Mamdani has staked his public safety reputation on precision policing, a data-driven strategy that deploys resources where the numbers point. It is a sensible approach, and the overall crime figures reflect it. But precision policing has a logical corollary: if the data shows one community absorbing 55% of hate crimes – more than five times their share of the population — a generic response is not neutral. When a strategy is explicitly driven by data about where crime is concentrated and who is being victimized, a deliberate decision to not respond with equivalent precision begins to look less like oversight and more like selective indifference. Mamdani’s approach presents three overlapping legal problems for the city.

The first is Equal Protection. Although the government may exercise discretion in enforcing the law, it violates the Equal Protection Clause of the 14th Amendment when a motivating factor in its failure to protect people from crime is invidious discrimination against a protected group, such as Jews or Israelis.

Mamdani’s public record already evinces a pattern and practice of such discrimination.

From the first days of his administration, Mamdani made a series of choices all pointing in the same direction: reduced protection for Jews and Israelis against rising antisemitic hate crimes. Mamdani deleted official statements about protecting Jewish New Yorkers, rescinded the city’s IHRA-based antisemitism order, and folded the Office for the Prevention of Hate Crimes into a broader Office of Community Safety. He also offers a constant drumbeat of anti-Israel propaganda, complete with false claims of genocide, apartheid, and racism, having the purpose and effect of fomenting hatred against both Jews and Israelis.

The Mayor insists that antisemitism be viewed in tandem with a purportedly equivalent threat to Muslims, his favored religious constituency, while touting a 140% rise in anti-Muslim hate crimes. But that is a false equivalence, reflecting deliberate indifference to the magnitude of the peril faced by Jews in New York. In the first quarter of 2026, Muslims were the targets of 12 (8.4%) confirmed hate crimes, representing an estimated 10% share of the population of New York City. The share of hate crimes did increase for Muslims, but from only five incidents in the first quarter of 2025. In all of 2025, according to the NYPD, Jews in New York were the victims of 324 hate crimes — over six per week — constituting 57.6% of the total, while 26 hate crimes targeted Muslims, 4.6% of the total. To insist that these are equivalent threats bespeaks sectarian bias not fairness.

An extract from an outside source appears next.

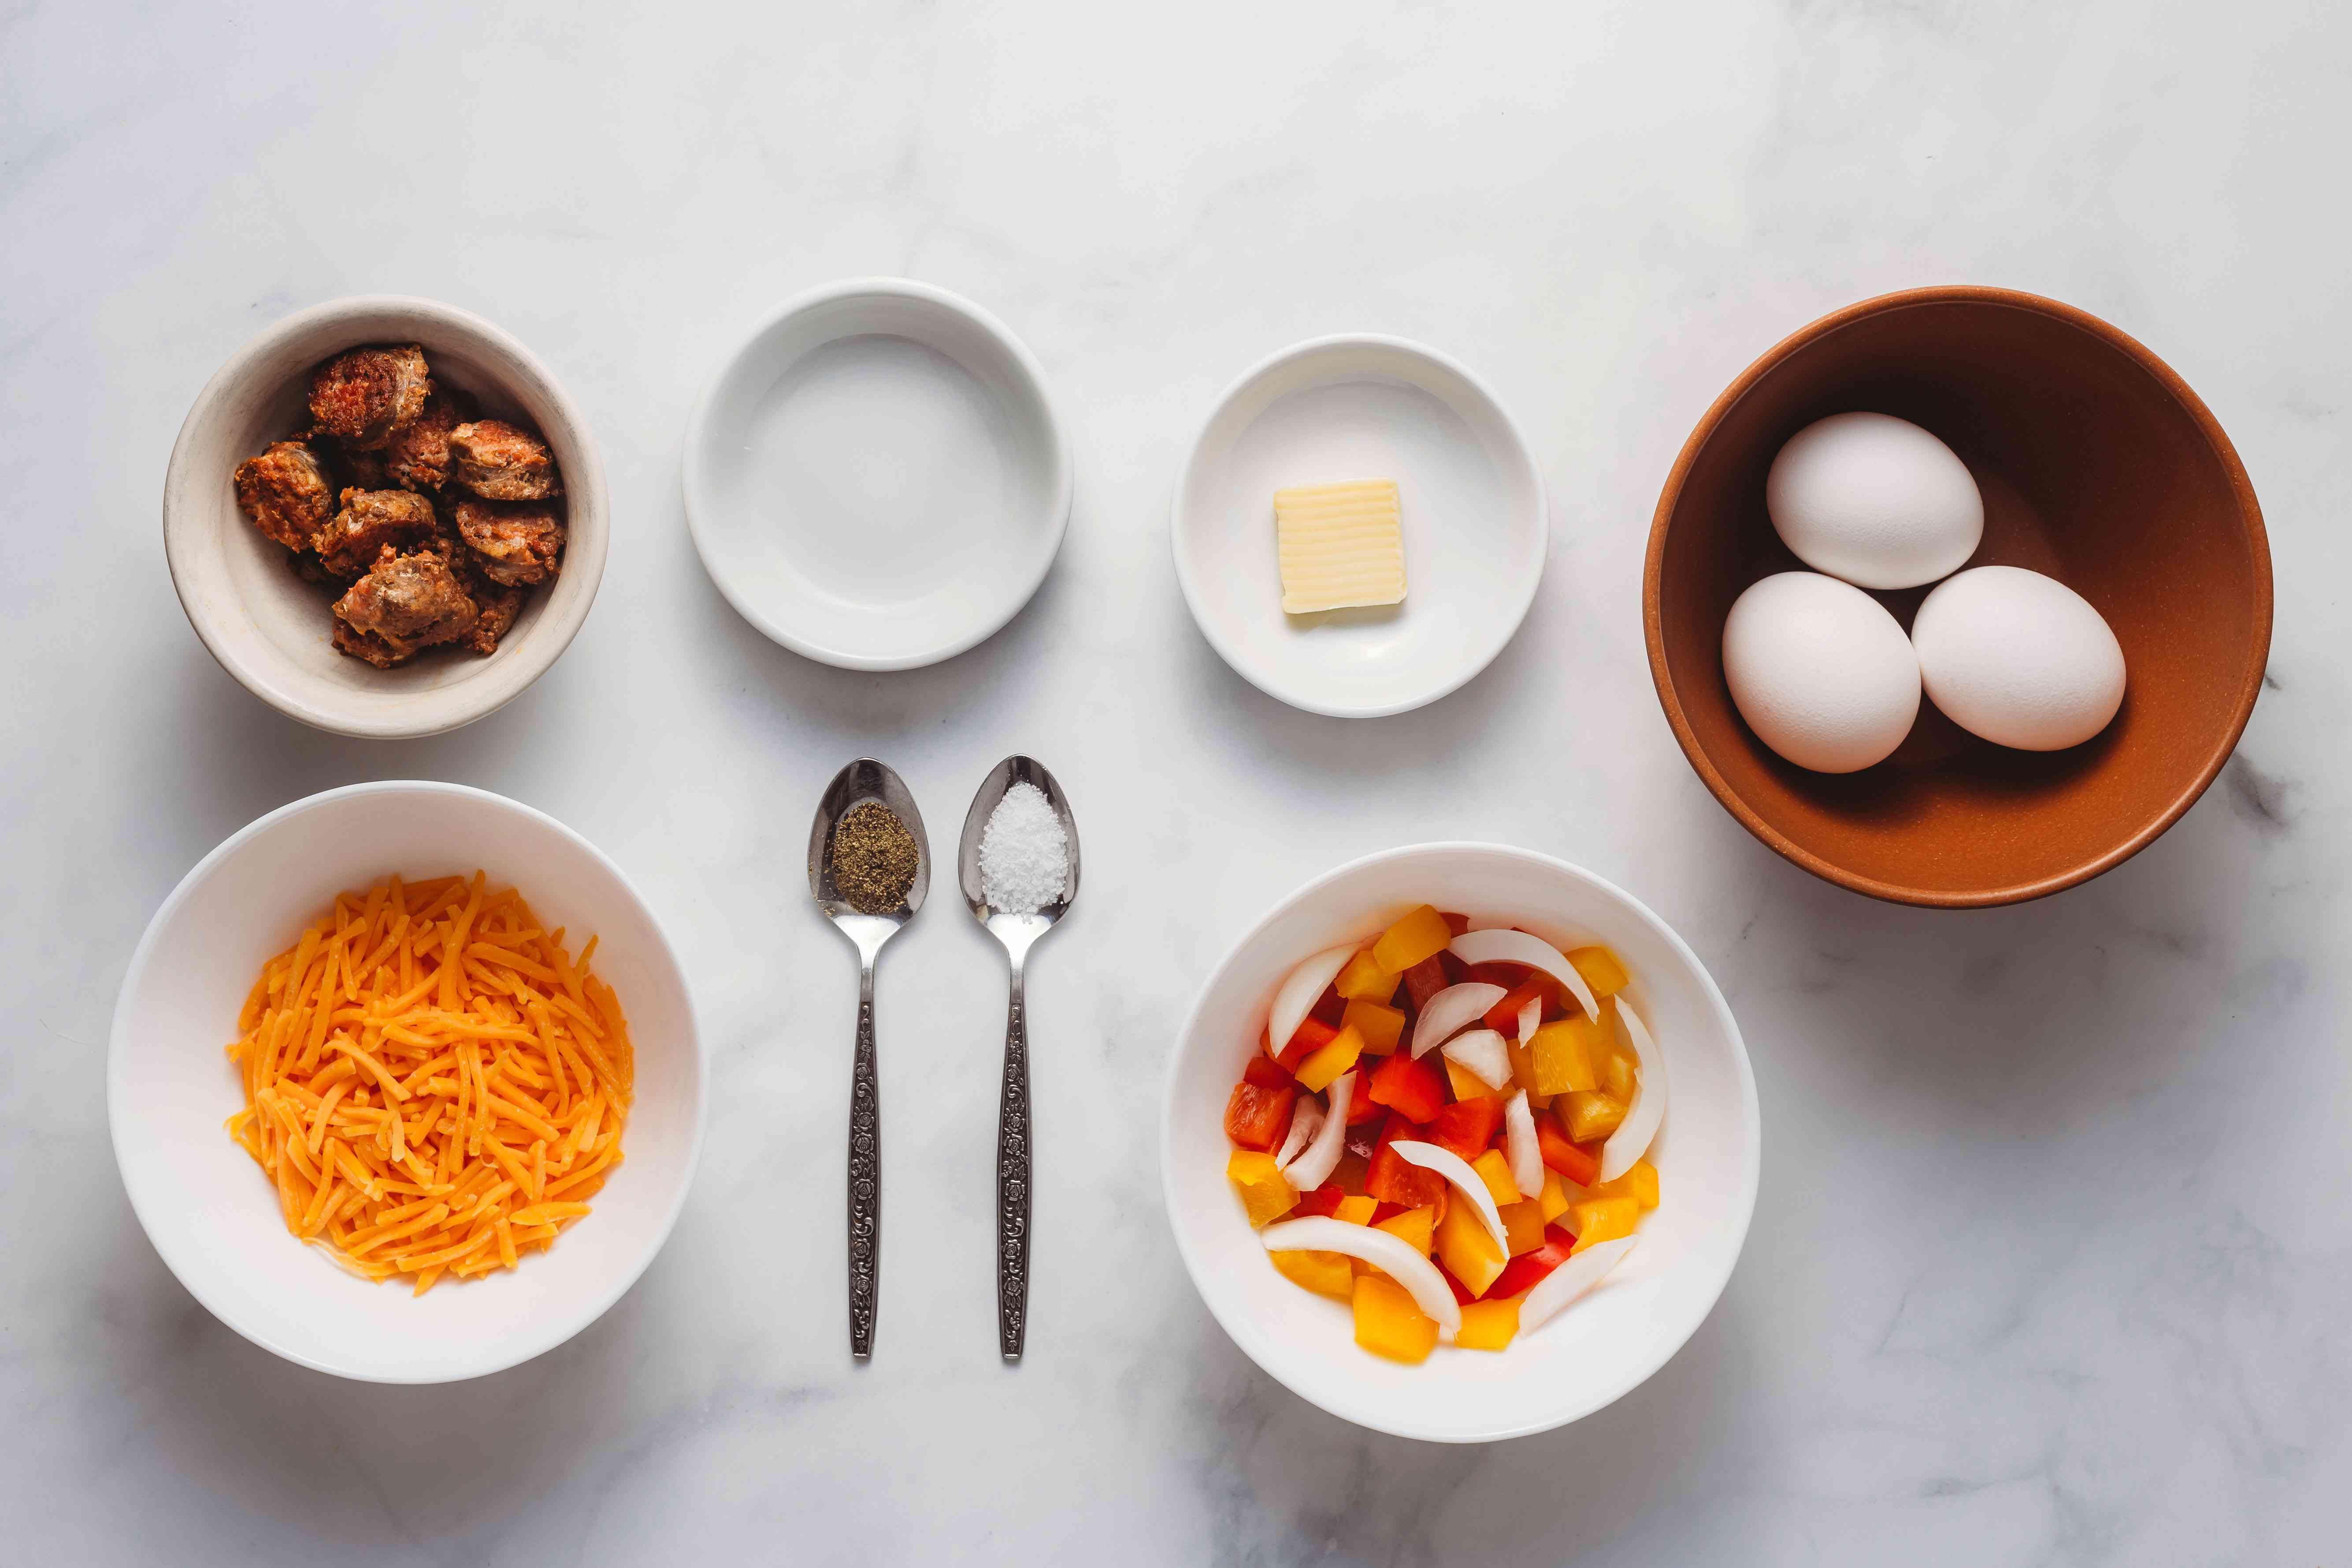 Ingredients for omelet for kids

The second problem for the city is municipal liability for that discriminatory failure to protect under Monell v. Department of Social Services. Under the Monell doctrine, a city can be sued directly when a constitutional violation flows from an official policy or custom. Monell cases are usually slow to build, because a pattern and practice of deliberate indifference usually takes a while to develop. Mamdani is an exception. He is constructing a record against the city, in public, in real time. Every statement minimizing antisemitism, every decision to dilute targeted protections, every press conference where he recites the numbers and then changes the subject, is a tile in the Monell mosaic. The evidentiary foundation for a Monell claim against the city is being delivered from the Mayor’s podium.

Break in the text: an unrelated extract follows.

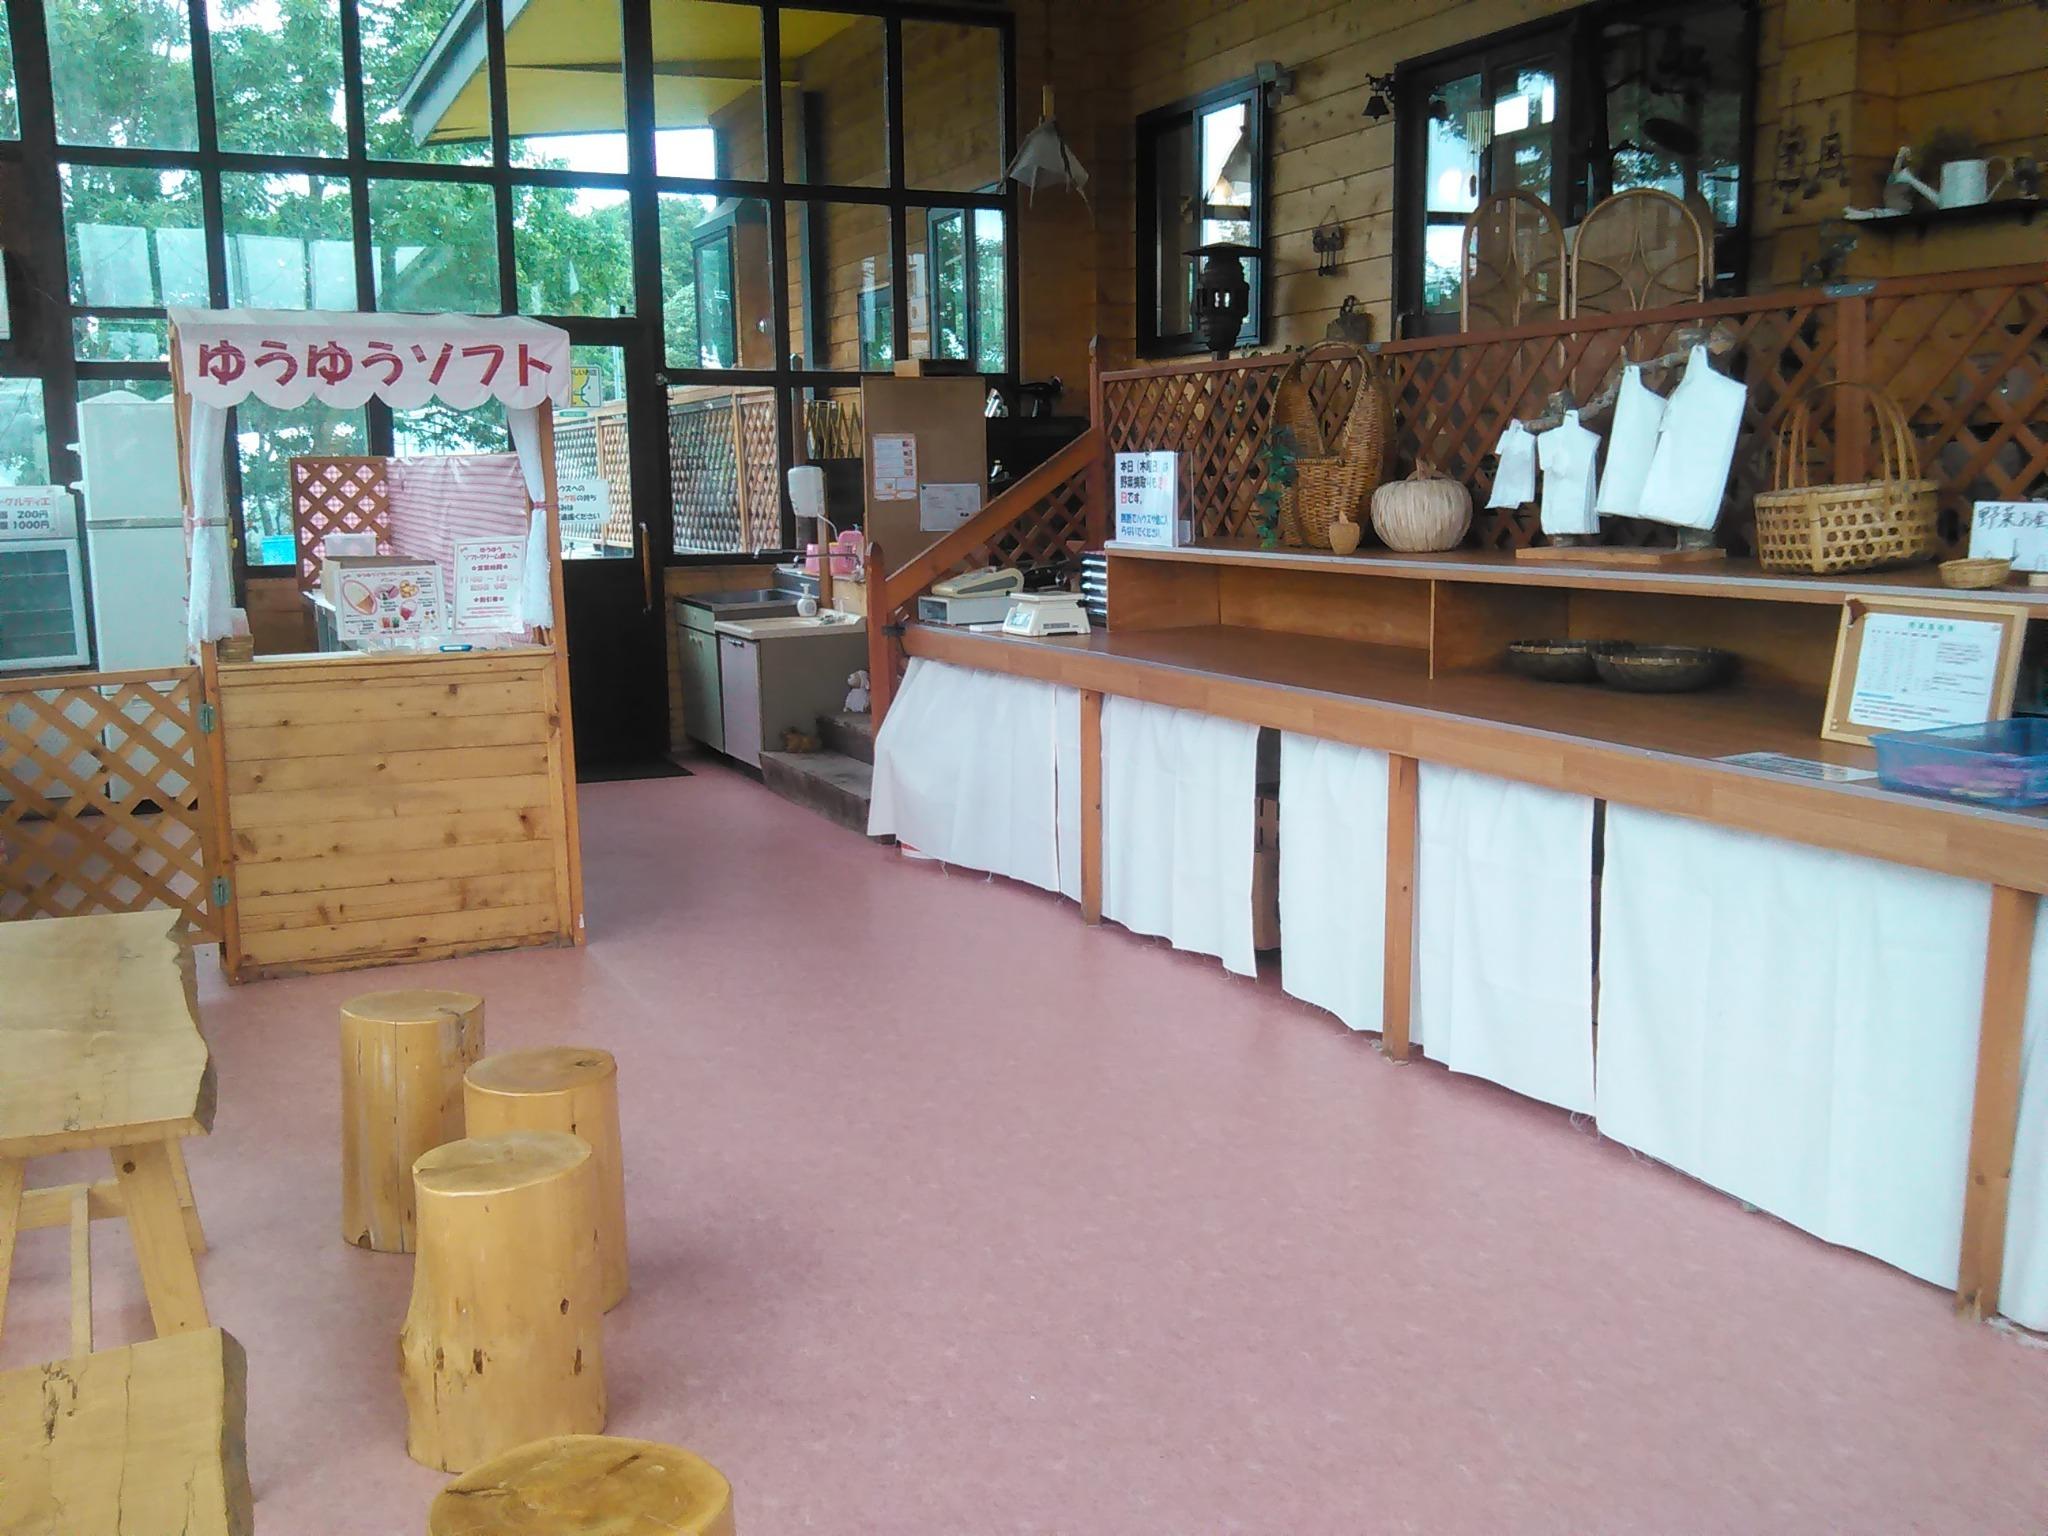 【Soft ice cream & Vegetable Shop】

The third looming implication for the city is federal liability. Under 34 U.S.C. §12601, the Department of Justice has authority to investigate and sue local law enforcement agencies for engaging in a pattern or practice of conduct that deprives persons of constitutional rights. This statute has been used for decades to go after cities that over-police minority communities. There is no legal reason it cannot work in the opposite direction, against a city that systematically under-protects one. The federal government could also withdraw funding from the city for law enforcement programs (or even more broadly), or seek refunds of prior grants, on the grounds that the city is violating Title VI of the Civil Rights Act of 1964, which applies to all federal grant recipients.

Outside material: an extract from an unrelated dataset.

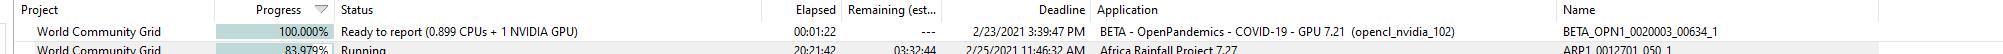 https://tweakers.net/i/tA1yO-bgBQj_AYGDp0zEwk9Lpo0=/full-fit-in/4000x4000/filters:no_upscale():fill(white):strip_exif()/f/image/PRMQK1gg47escPFxxH4paRaB.png?f=user_large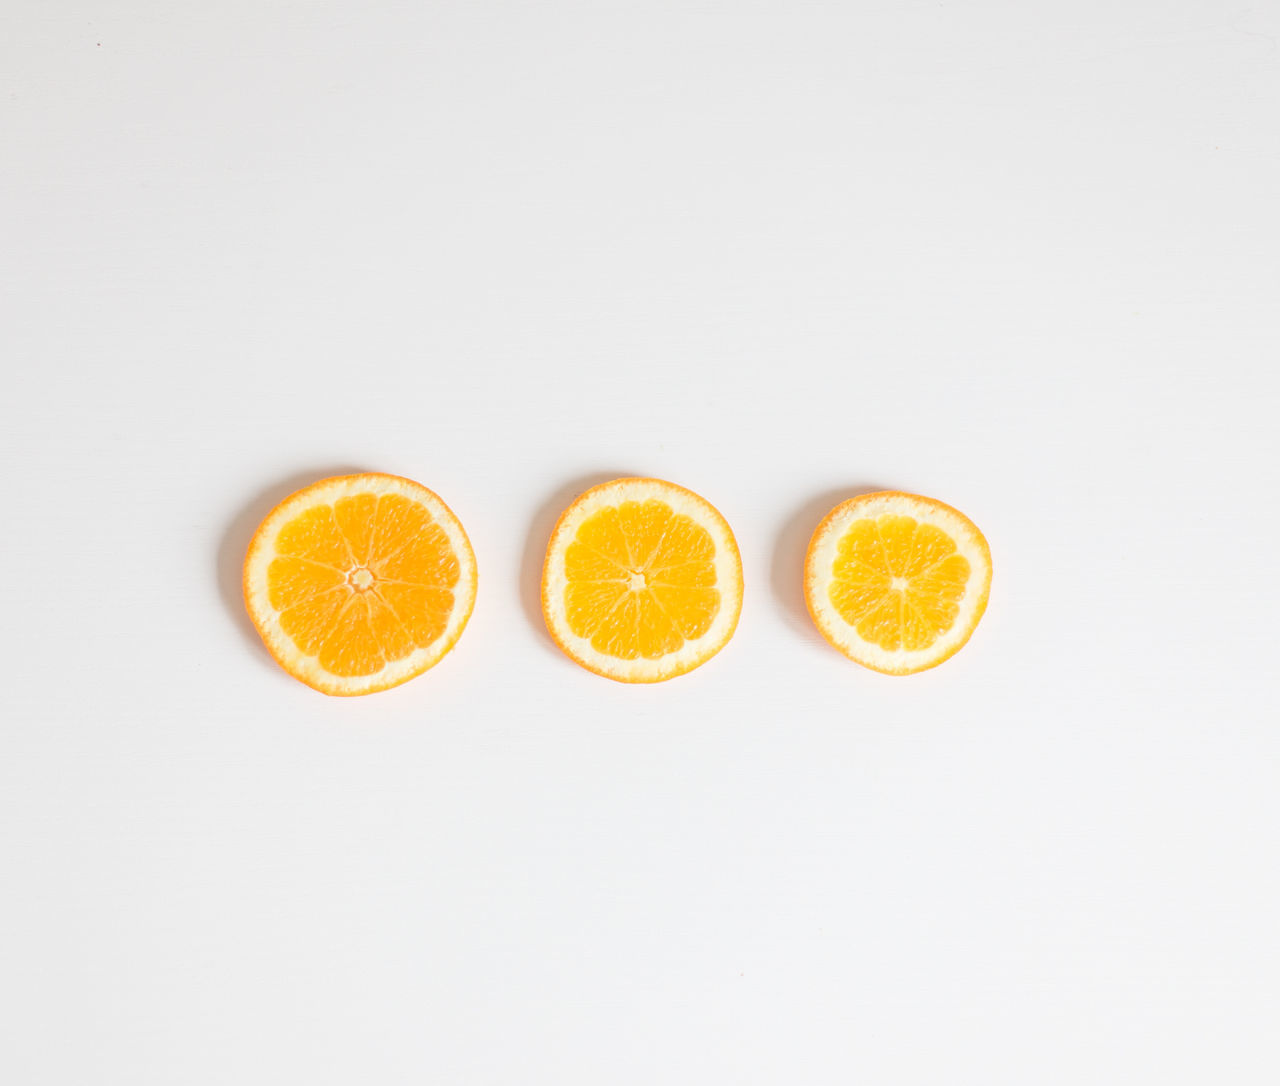 Beautiful stock photos of obst, fruit, slice, citrus fruit, white background

A formal complaint to the DOJ Civil Rights Division, grounded in the NYPD’s published hate crime data, calling for an investigation into New York City’s response to antisemitic hate crimes, would be unprecedented. It would also be legally sound. The data and public course of conduct by Mamdani are more than enough to suggest the sort of pattern and practice that warrants the federal scrutiny of an in-depth DOJ investigation.

Of course, the NYPD does not ignore these crimes entirely. Commissioner Tisch, to her credit, has often spoken about the issue. But when the policymaker at the top repeatedly signals that anti-Jewish targeting will be met with indifference and abstraction rather than attention and action or raises “concerns” about even modest efforts to stop protesters from besieging Jewish worshippers, or announces that if he cannot get the Commissioner to agree to dismantle the Strategic Response Group he will simply overrule her, that travels down the chain of command to impact how scenes are policed, and how cases are classified, investigated, prioritized, and deterred.

Nor must the legal record wait until the worst facts arrive. Thankfully, where plaintiffs can show a cognizable threat of ongoing unequal treatment, declaratory and injunctive remedies may be available before irreparable harm is inflicted. If we build the record now, there is still time for a course correction before even more crimes occur.

Mayor Mamdani said the numbers tell an indisputable story. He is right. The story they tell is that Jewish New Yorkers are the most targeted minority in the city he governs, that hate crimes are a rising threat, and that his response has been at best, generic, and at worst, corrosively hostile.

Equal protection means something. Monell means something. Federal authority over civil rights means something. The law does not wait for a mayor to get around to caring, and neither should we.

* * *

Dr. Mark Goldfeder is the CEO of the National Jewish Advocacy Center and a professor at Touro Law School.

Alan Scheiner is Senior Litigation Counsel at the National Jewish Advocacy Center.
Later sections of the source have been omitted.